Перечитав заметку, содержавшую главные биографические данные графини де Монтолон, император задумался, и странная улыбка заблуждала у него по лицу. Очевидно, его осенило нечто вроде откровения, Слушая страстные признания Гурго, изливавшего свои чувства к графине, он испытывал непонятную досаду. Ему казалось, что генерал забывается. Отказ графини обрадовал его; он остался доволен отпором этой женщины одному из его приближенных, и когда, задетый за живое ее неприступностью, Гурго позволил себе намекнуть, что если графиня сопротивлялась, то не из любви к мужу, не из уважения к супружеской верности, но потому, что она метила выше и как будто желала подарить свою любовь тому, кто для всех этих изгнанников по-прежнему и неизменно оставался императором, властелином, богом, Наполеон скорее удивился, чем был рассержен. Он были благодарен за добродетельную защиту этой статс-дамы печального Лонгвудского двора, а в то же время его уму представились смутная возможность, любовная гипотеза, и он не отогнал их прочь.
Наполеону в то время было сорок семь лет. Он отличался крепостью, подвижностью, несмотря на развивавшуюся тучность, и жил на острове Святой Елены почти в полном воздержании. Хотя в его натуре никогда не преобладала страстность, однако он любил женщин. Чаще всего он мало церемонился с ними и так же стремительно одерживал победы в любви, как и на поле брани. Поэтому, устремив свои помыслы на графиню де Монтолон, он уже мечтал о безотлагательном и полном обладании ею. До сих пор Наполеон почти не обращал внимания на жену своего слуги, но теперь, благодаря ухаживанию Гурго, с удовольствием припомнил черты, фигуру, манеры графини. Перед ним мелькали ее позы, взгляды, улыбка, когда ей случалось внезапно встретиться с ним. В таких случаях, не нарушая подобающего уважения, молодая женщина всегда высказывала ему какое-то восторженное сочувствие, которое можно было принять за поощрение любви.

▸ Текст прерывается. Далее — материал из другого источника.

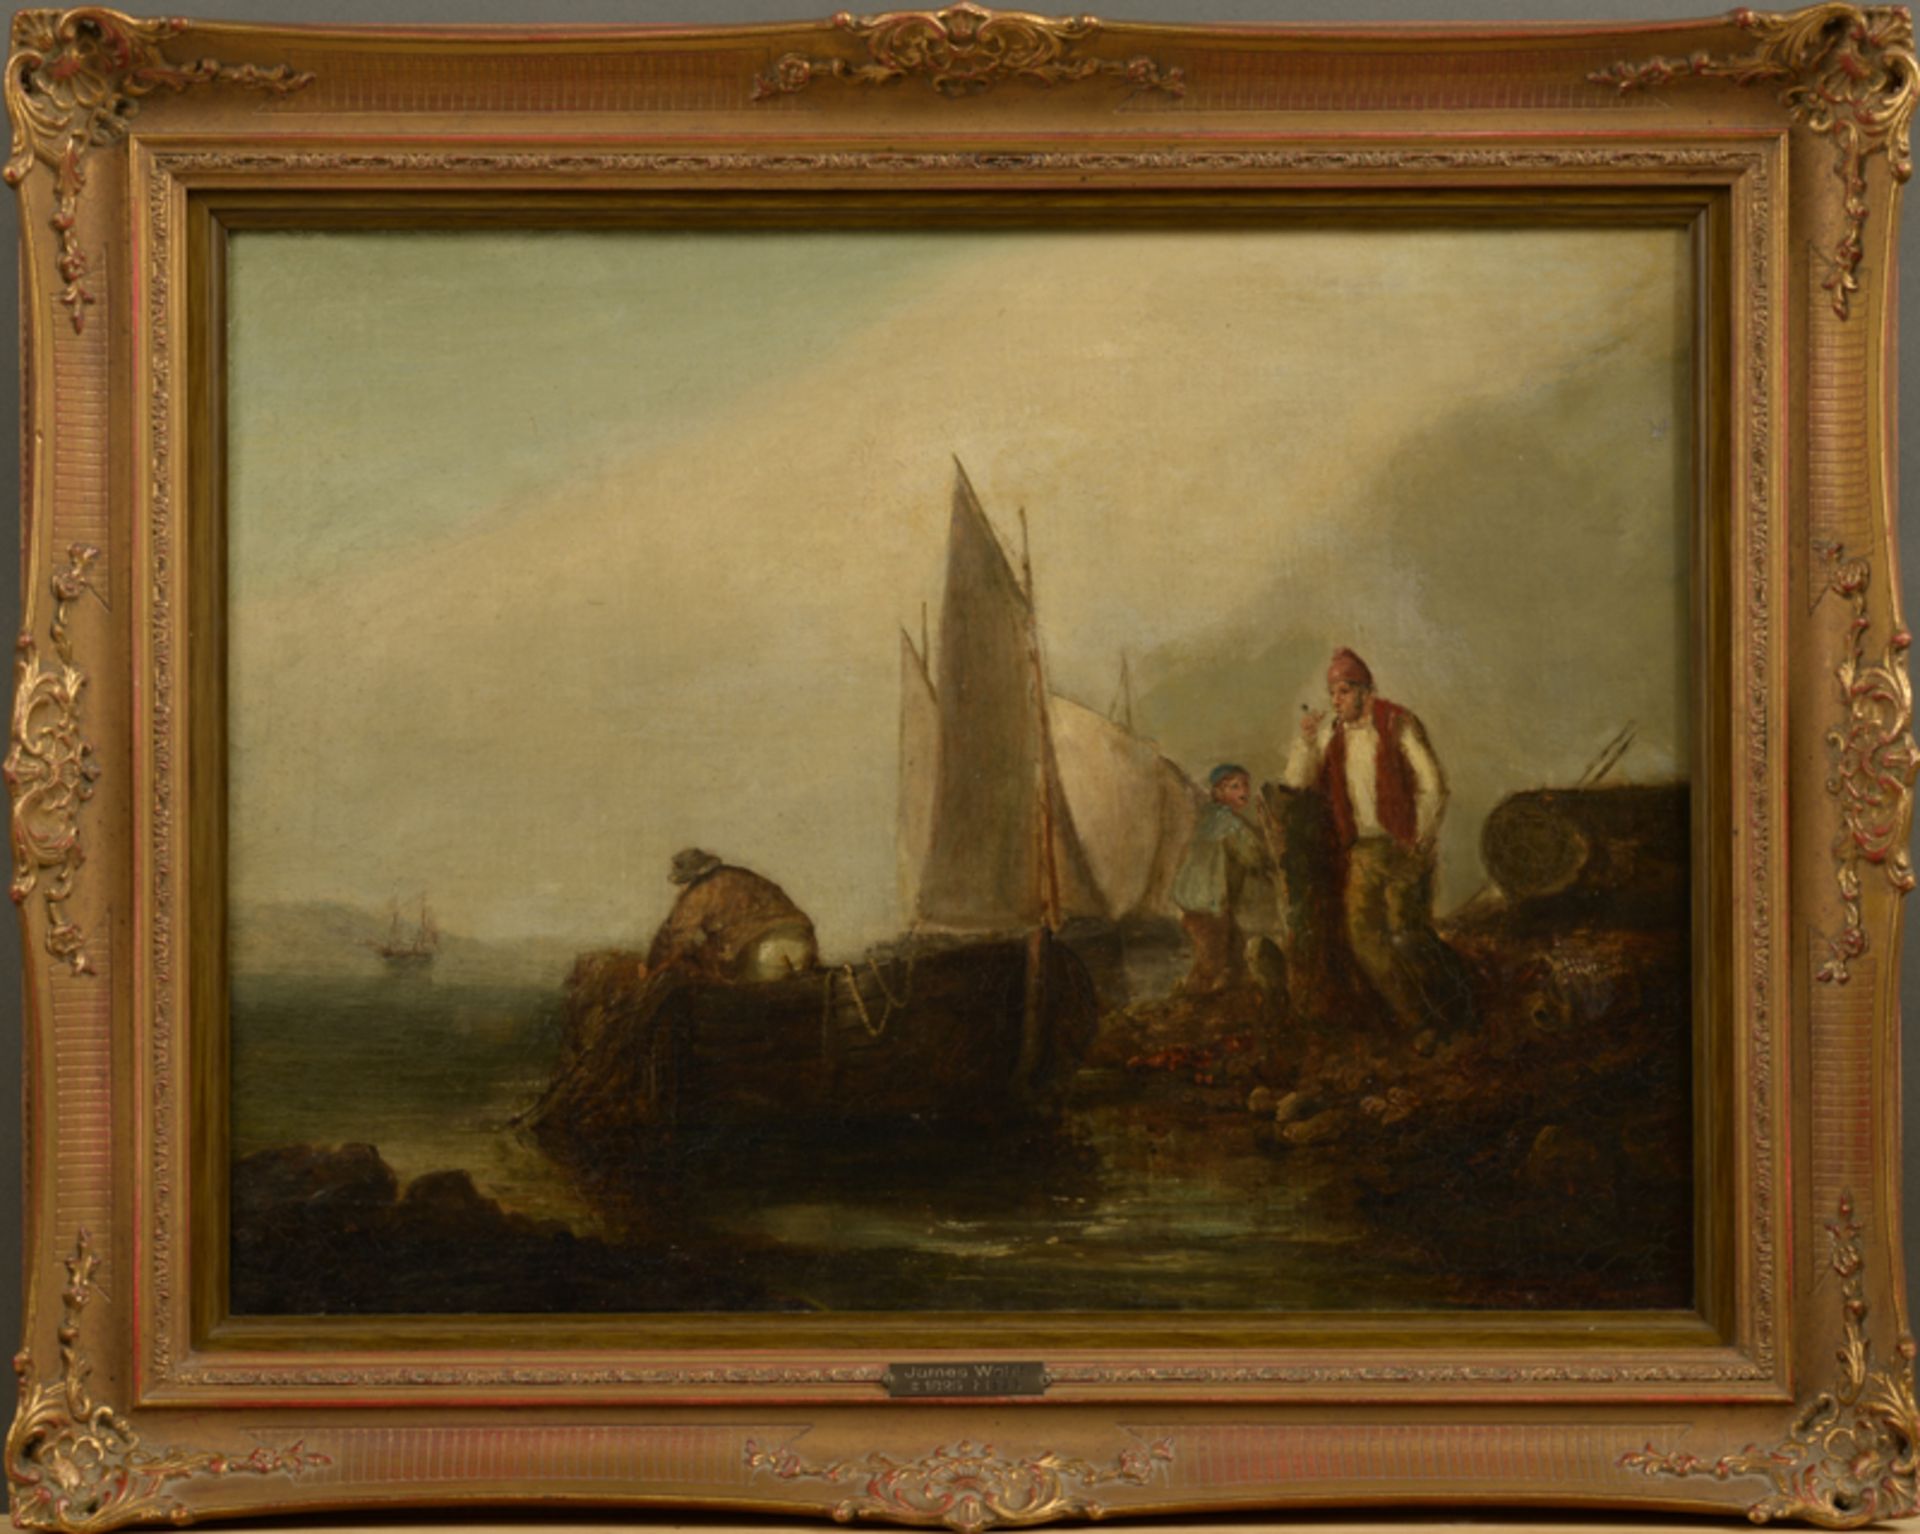 James Webb (1825 - 1895) - Öl auf Leinwand, "Fischer im Boot seine Netze einholend, am Ufer ein Mann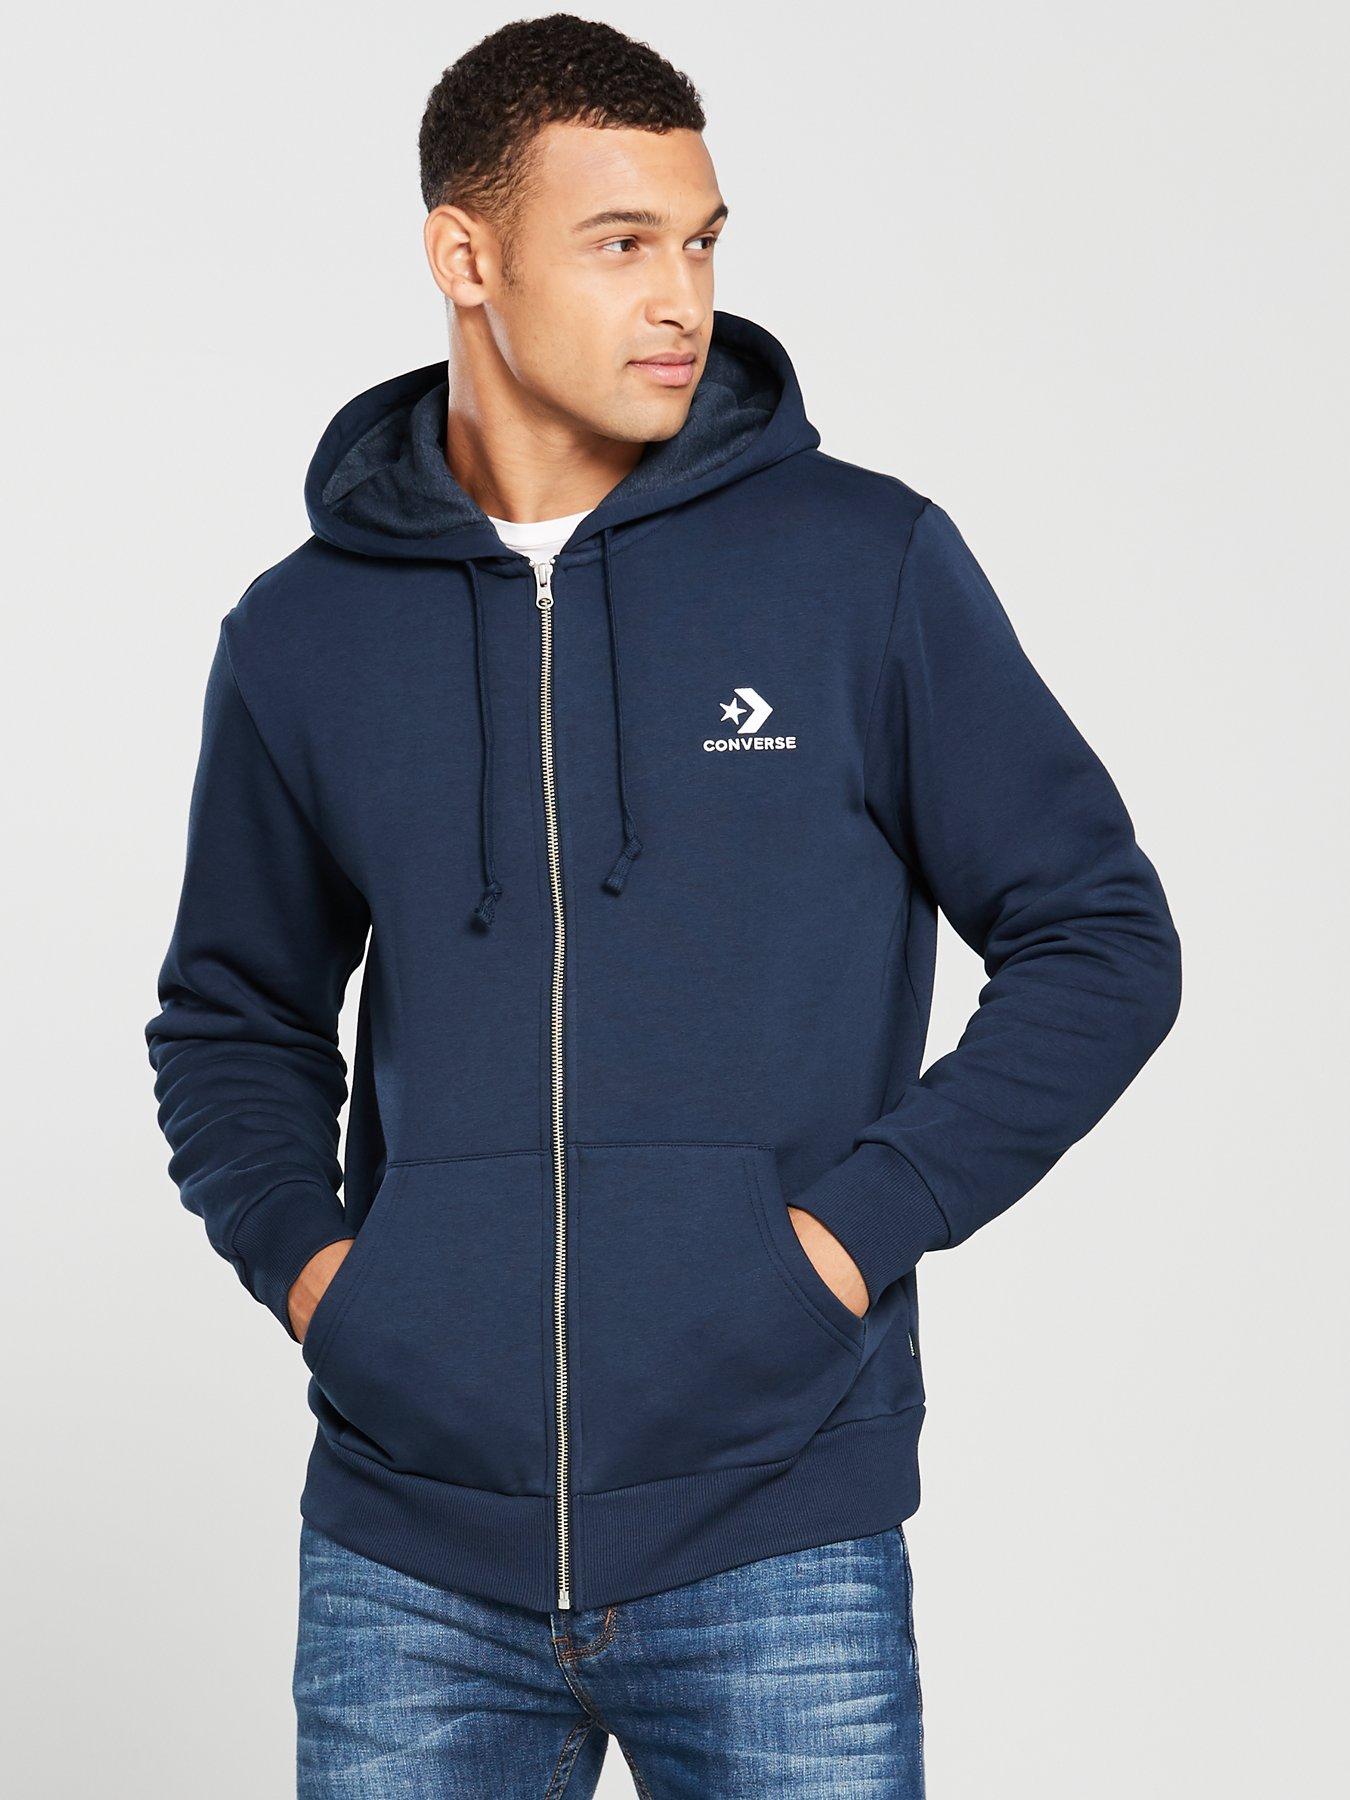 converse men's zip hoodie

«Почему она раньше не дала мне понять, что я не безразличен ей как мужчина? – спросил себя Наполеон. – Она знает, что я не могу, не должен заискивать перед женщинами! Женщина, какова бы она ни была, к которой я обращался прежде, поневоле считала нужным ответить мне взаимностью, уступить; но тогда я был императором, который повелевает и которому повинуются. Здесь же, лишенный могущества и славы, я хочу и должен быть любим преимущественно как мужчина. Следовательно, я не вправе ничего сказать, я даже не могу намекнуть женщине из моих приближенных, что ее любовь пришлась бы очень кстати и что я был бы весьма счастлив убедиться в ней…»
Император прервал размышления. Он понюхал табак, потом, с нетерпением ворочаясь в постели, как человек, удрученный докучливыми воспоминаниями или неприятными заботами, продолжал рассуждать сам с собой:
«Графиня де Монтолон умна, даже несколько хитра; однако ее ответ Гурго был прям, откровенен, почти циничен. Когда тот сказал, что она отвергает его не из боязни нарушить супружескую верность, а потому, что любит другое лицо, здесь, на острове, графиня ответила так, что отняла всякую надежду у своего обожателя, если только он не рискнет соперничать со мной. Так как графиня не знала, что я могу услышать ее, то это признание было искренним, и я должен видеть в нем выражение ее истинных чувств… – На минуту задумавшись, император продолжал разбор своих мыслей и колебаний. – Нужно ли мне дать понять графине, что я знаю о случившемся между ней и Гурго? Если я вызову ее признание, не опасаясь, что она уступит мне только из подчинения, к чему это приведет?»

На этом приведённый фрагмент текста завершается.